TASK DETAILS:
With the pictures left out, return exactly the lines from the one containing "Shipping partner Khandela Sikar to Delhi" through the end of the listing below.

THE DATA:

Content starts

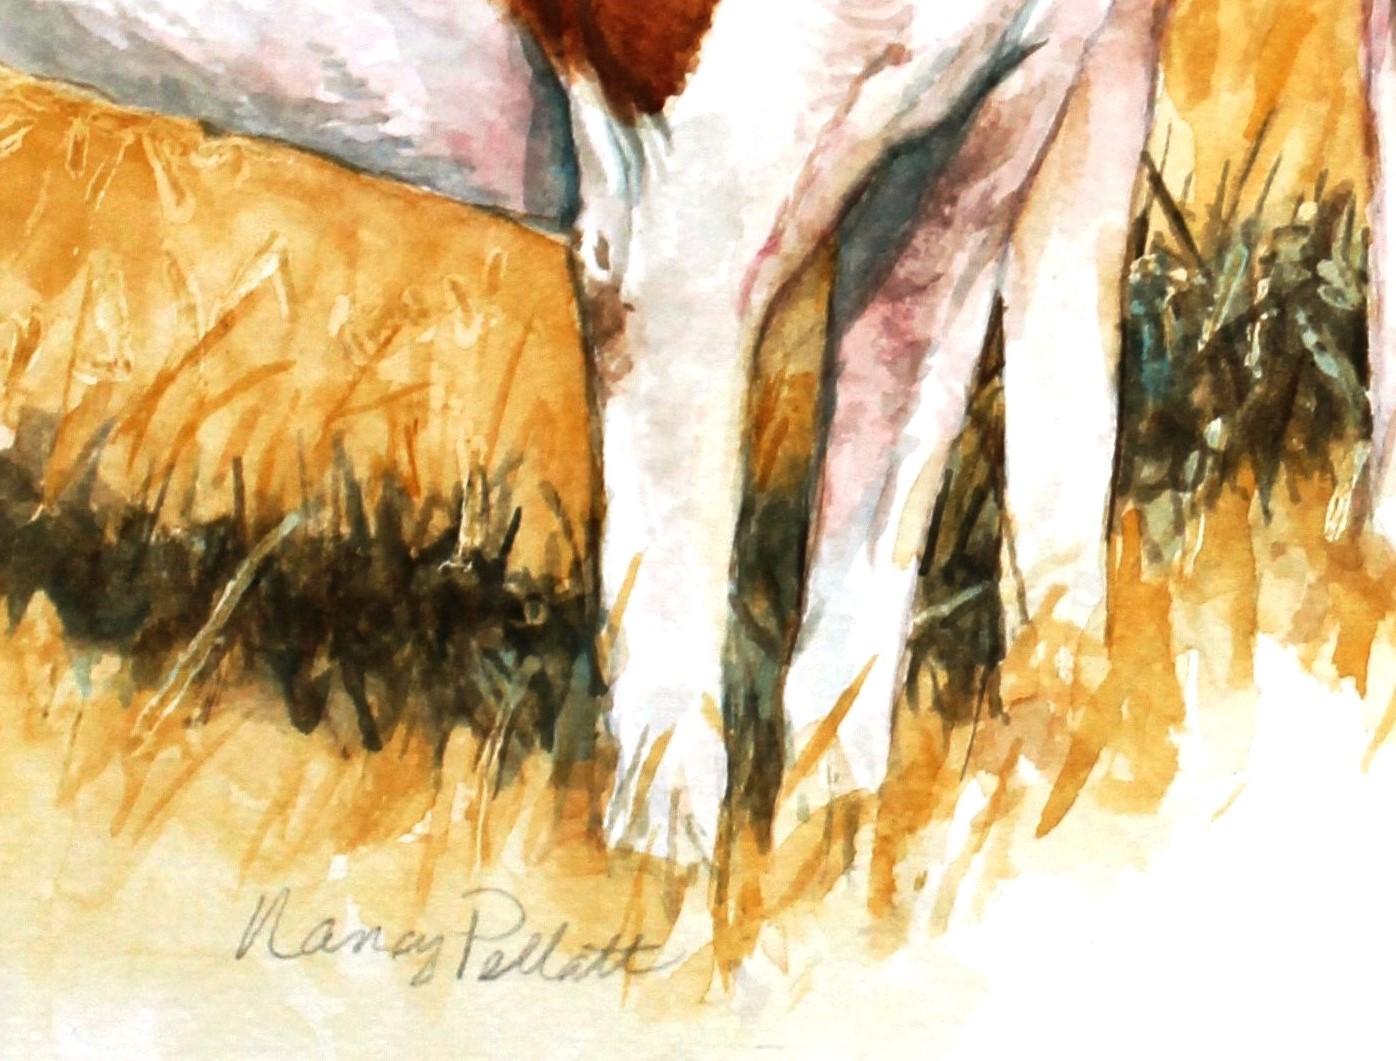 dog watercolor portrait
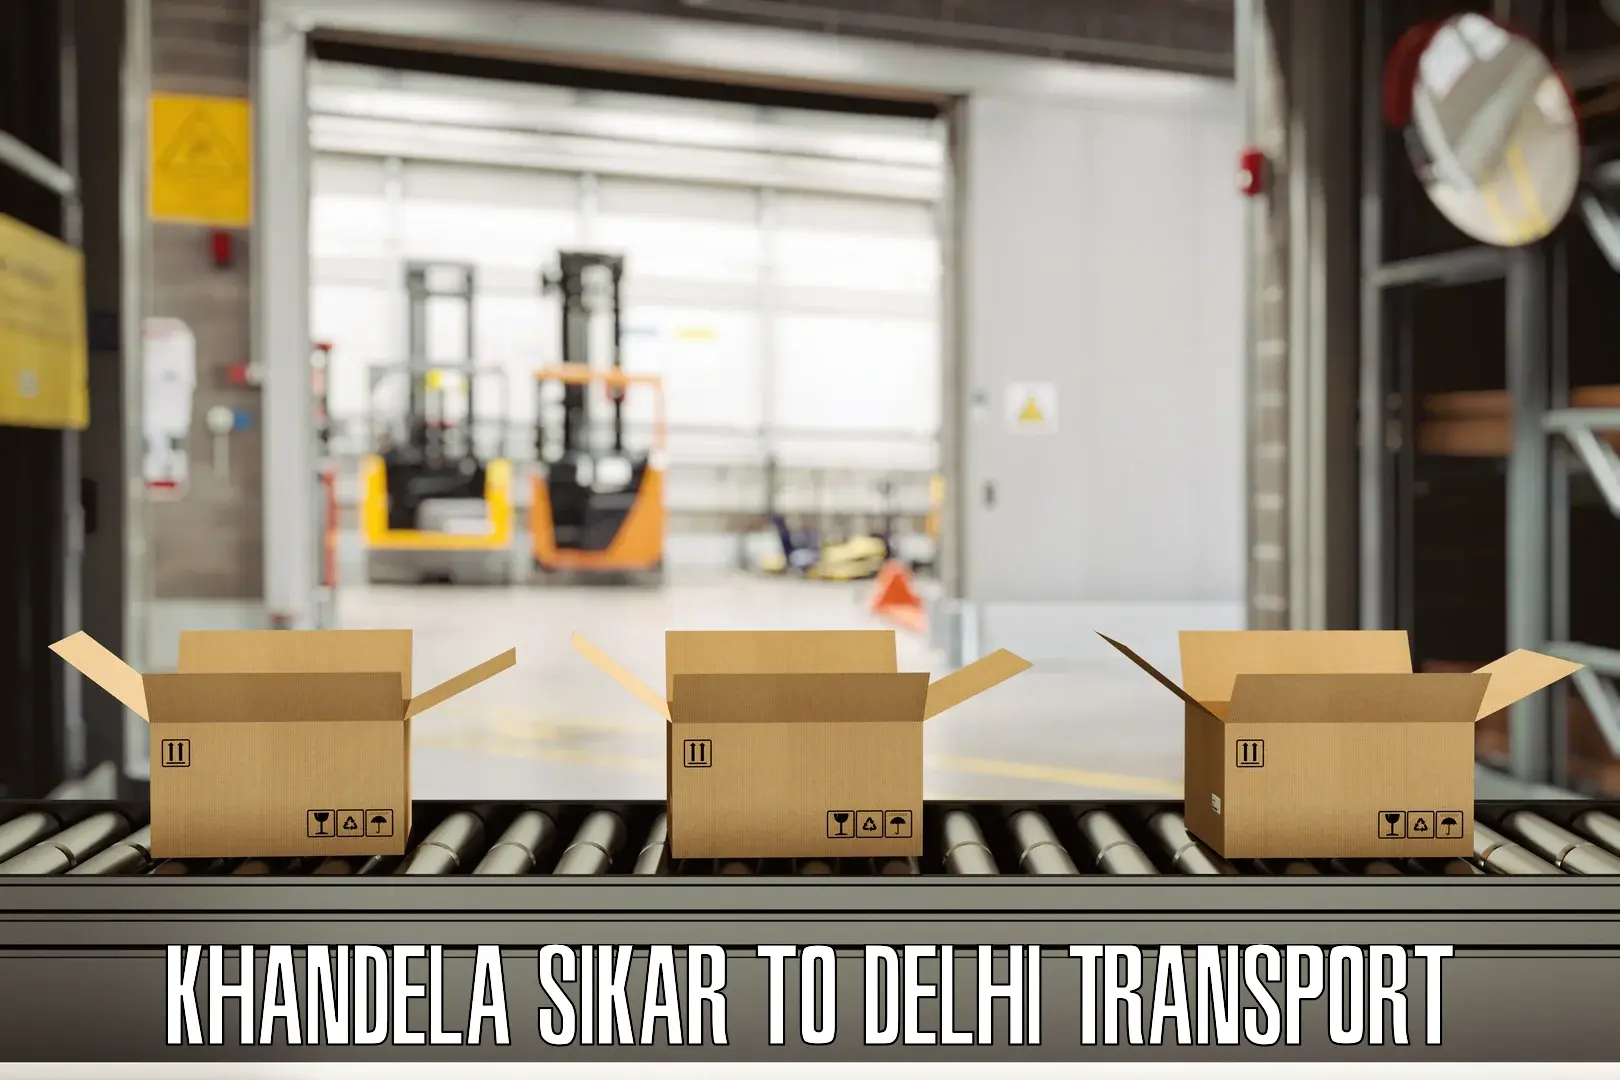 Shipping partner Khandela Sikar to Delhi
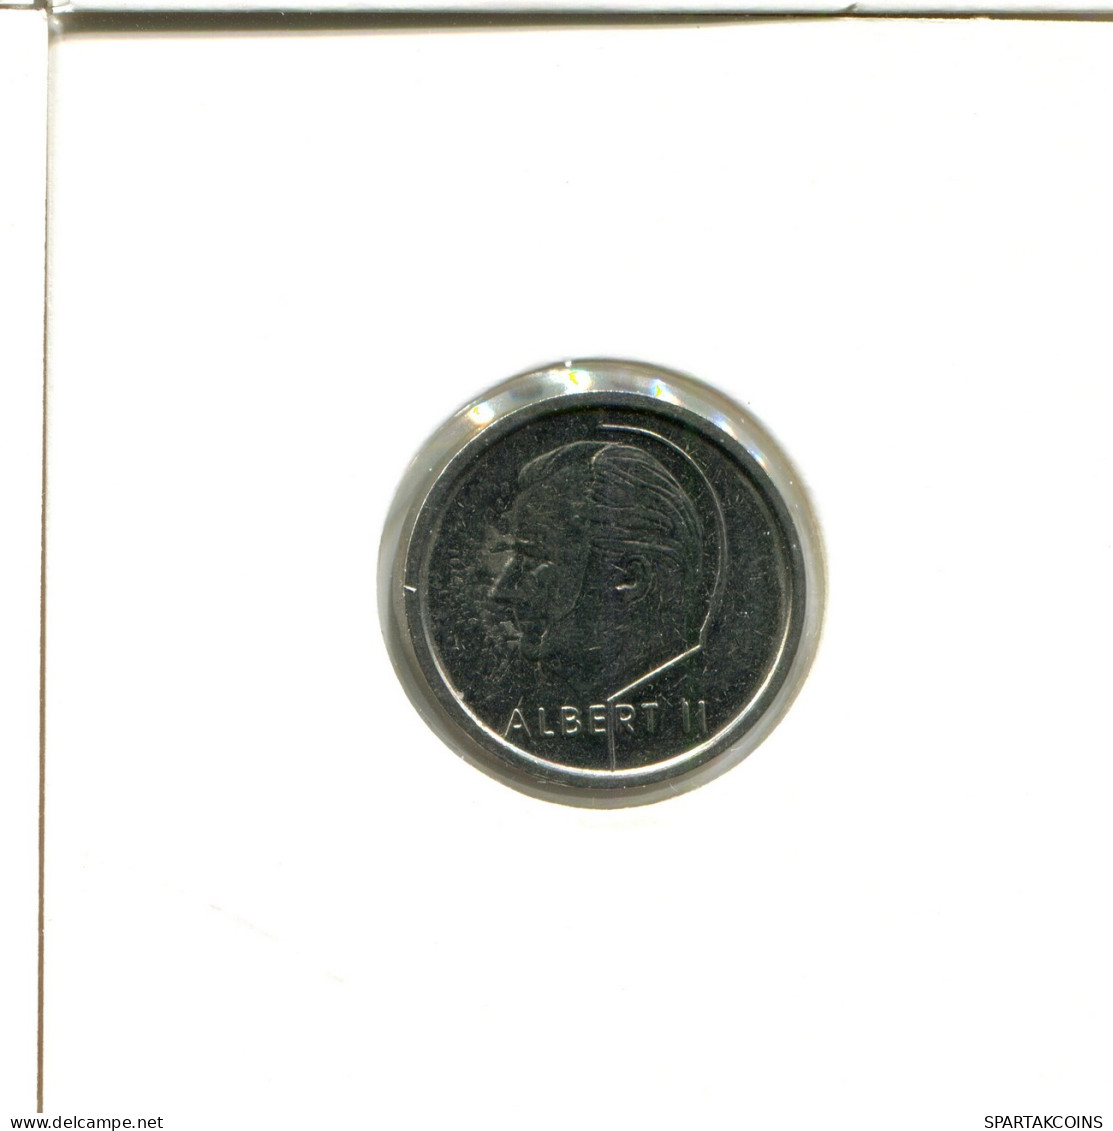 1 FRANC 1994 BÉLGICA BELGIUM Moneda DUTCH Text #AX420.E - 1 Franc
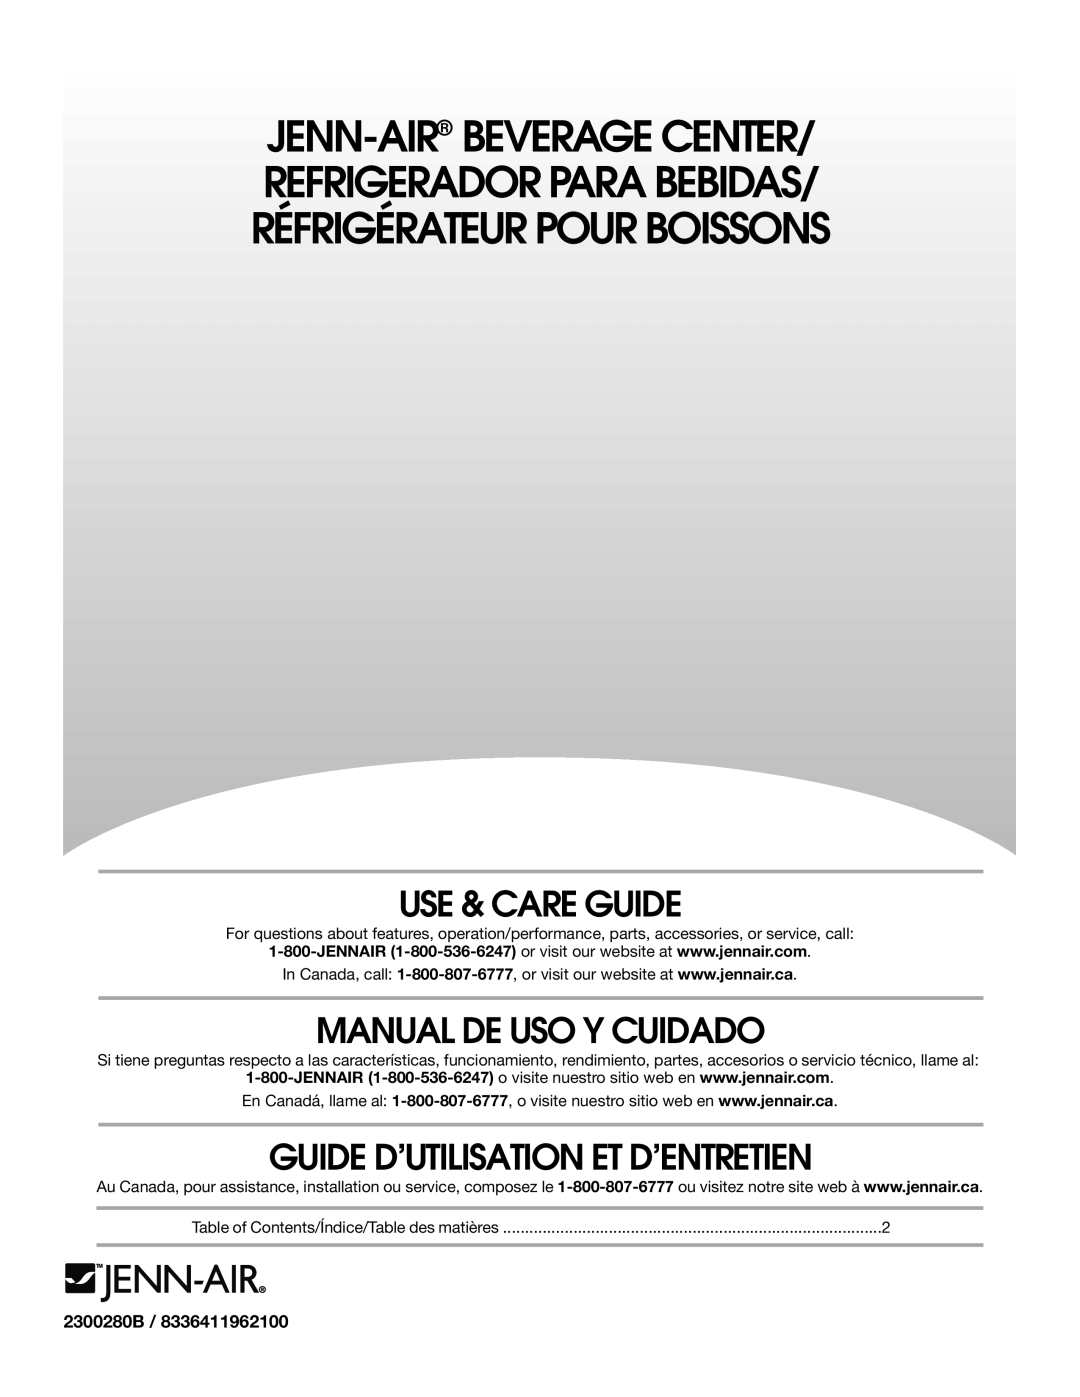 Jenn-Air 8.34E+12 manual Use & Care Guide, Manual De Uso Y Cuidado, Guide D’Utilisation Et D’Entretien, 2300280B

Content ends

EXERCISE RESULT:
 Shipping partner Khandela Sikar to Delhi
 1 FRANC 1994 BÉLGICA BELGIUM Moneda DUTCH Text #AX420.E - 1 Franc
 Jenn-Air 8.34E+12 manual Use & Care Guide, Manual De Uso Y Cuidado, Guide D’Utilisation Et D’Entretien, 2300280B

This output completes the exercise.